Sunbeams
and the Breeze
A beleza da incerteza / The beauty of uncertainty
PUBLICATION 1 - An ode to Deborah Levy. Illustrated by Mulheres a Dias / Joana Martins. Written by Laura van Dixhoorn-Beijsens
Deborah Levy (born 6 August 1959) is a British novelist, playwright and poet. She initially concentrated on writing for the theatre – her plays were staged by the Royal Shakespeare Company – before focusing on prose fiction. Levy's first volume of autobiography, Things I Don't Want to Know, was written in response to George Orwell's essay "Why I Write" and was published in 2013. In 2018, she published a second volume, The Cost of Living. She has described them as "living" autobiographies, since they are "hopefully not being written at the end, with hindsight, but in the storm of life". The final volume, Real Estate, was published in May 2021. This essay is inpired by her three autobiograhies.
As kids we think we will have it all figured out when we are adults, and when we become adults we think we will have it all figured out when we grow older. How painfully funny it is to see how we delude ourselves. This cycle of expectation is natural as we are creatures of wanting to plan out our future, but as result we are putting so much pressure on ourselves to ‘figure it out’. And what is ‘it’ actually? What do we expect will happen whenever we figure ‘it’ out? A forever blissfulness towards senility? I was sure I would have it all figured out at some point. I was sure once I would be married I would have it figured out. Or when I became a mother, that for sure would mean I had it figured out. Owning a house, a car, a working fire alarm; why didn’t I have it all figured out? We are running through life thinking the next step will make us whole and offer that apparent bliss towards senility. I still feel like I need to reach adulthood, a kid waiting for the other shoe to drop in the body of a thirty year old. When will it happen? Deborah Levy’s autobiographical trilogy gave me insight on what to expect of becoming older and it’s been an extremely pleasant and messy journey. There is so much heartbreak, deep love and a big question mark hanging above her head, it’s exhilarating. The answer is: we will never have it figured out and how liberating is it to finally acknowledge that? We are never finished evolving, adapting, becoming or changing. Yes, adulthood bangs on your door and it’s full of bills, headaches and expectations. The fun years are supposed to be behind us and the expected steps are the goals we should be aiming for. But what Deborah Levy has taught me is that whatever life you are living now might be very different from the upcoming lives you are about to experience, if you want it or not. Life gives lemons but also throws with mud. You won’t stand still if you accept that life has no boundaries, if you aren’t ticking off the boxes society expects you to tick off. Friends come and go, if you are lucky you bring along one or two for a lifetime journey. Marriages, divorces, affairs, kids, travels, real estate, drinks, books, art, furniture, pets. It comes and might go.
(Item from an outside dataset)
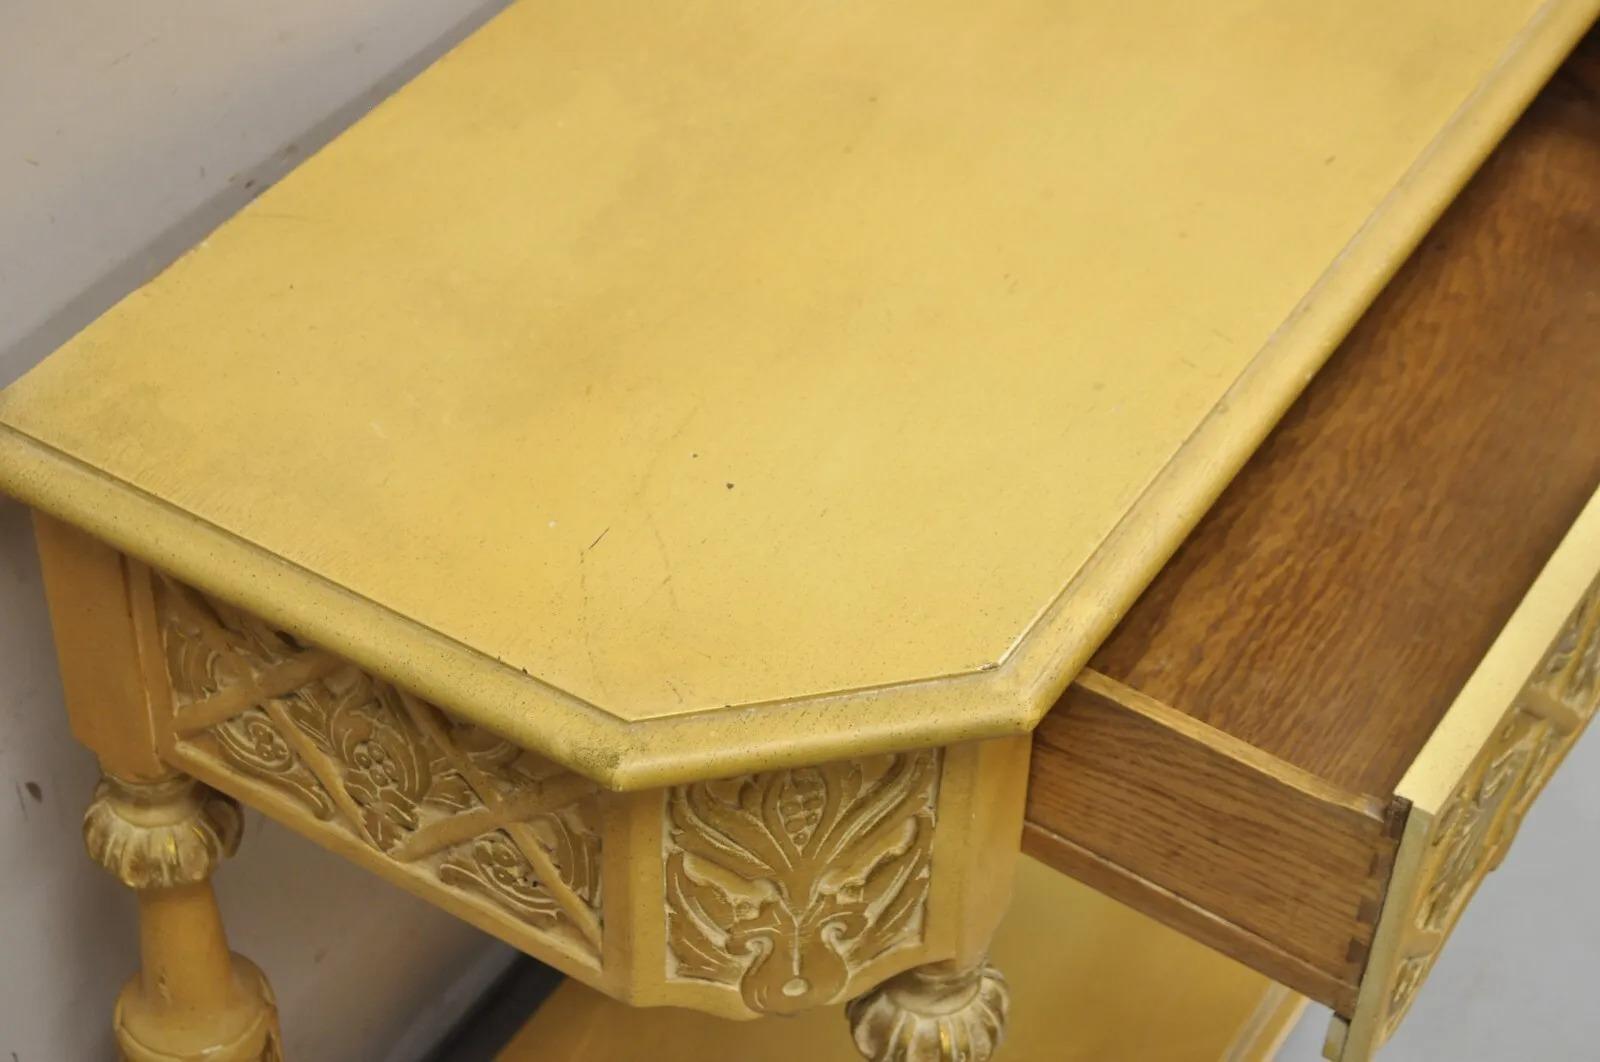 Gothic Renaissance Revival Painted Hall Altar Console Table Chair Set - 4 Pc Set For Sale 6

“I was thinking about existence. And what it added up to. Had I done okay? Who was doing the judging? Had there been enough love and loving? Were my own books, the ones I had written, good enough? What was the point of anything? Had I reached out enough to others? Was I really happy to live alone? Why was I so preoccupied with the phantasy of various unattainable houses and why was I still searching for a missing female character? If I could not find her in real life, why not invent her on the page?” – Deborah Levy, Real Estate
I was at the point that I knew it would take me some grand more years to have it figured out, and now I’m happy to know I never will. One day something will make me happy and another day it might not. Making a decision or turning onto a path doesn’t mean it has to be set in stone and dreaming, oh dreaming, is the most beautiful part of it.
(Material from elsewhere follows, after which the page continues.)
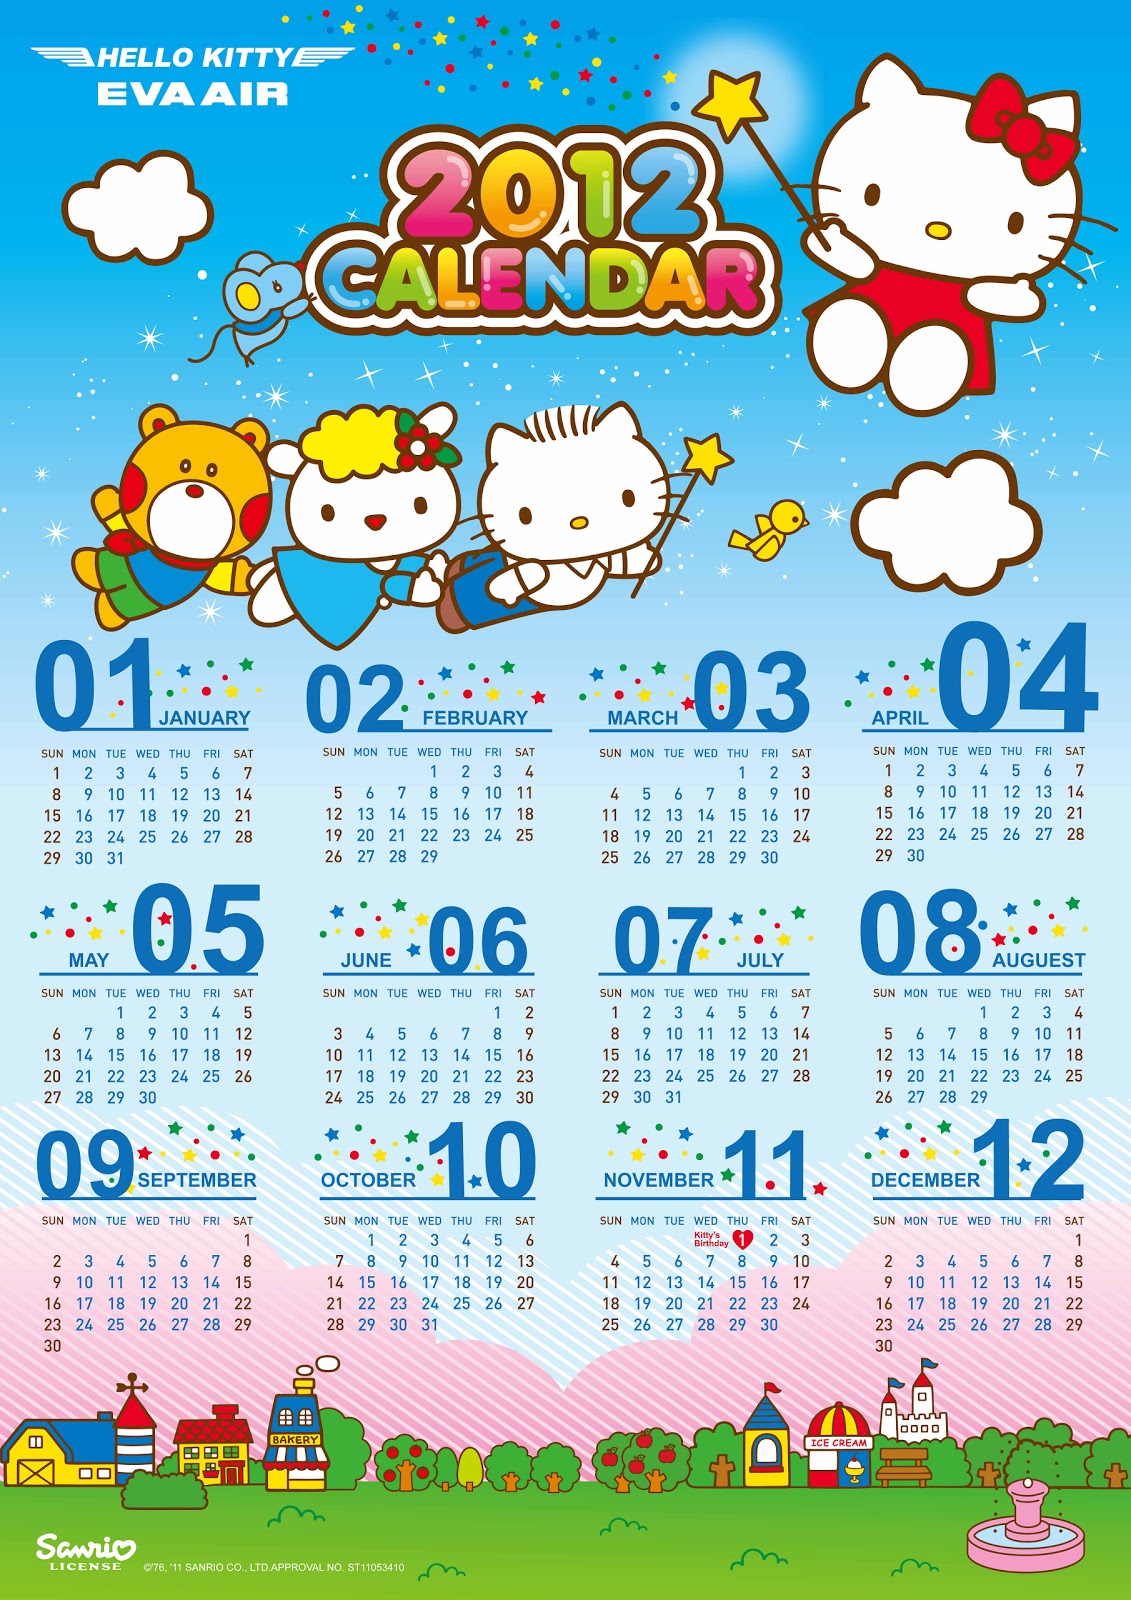 http://3.bp.blogspot.com/-bj5tYkerq-M/TwB9XFwGftI/AAAAAAAABeU/VRxPYdJ8AjM/s1600/hello-kitty-2012-calendar-eva-air.jpg

“I have dreamed so much of you that you are losing your reality.” – Deborah Levy, Real Estate
There is a part I particularly identify with in her books and that is how you are divided as a person when having an upbringing in different countries and cultures. This is something people don’t understand if they haven’t lived it themselves, but moving to another country and making another culture your own will forever and always divide your soul. A life before, a life after. The sun hits a certain way there, and it hits another way here. A longing that will never be fulfilled which is almost impossible to describe. As someone who has had a very different upbringing than Deborah, but has moved across the world and left parts of myself behind, I felt comprehended which rarely happens as I don’t often stumble upon people who truly understand the feeling. For that I will be forever grateful.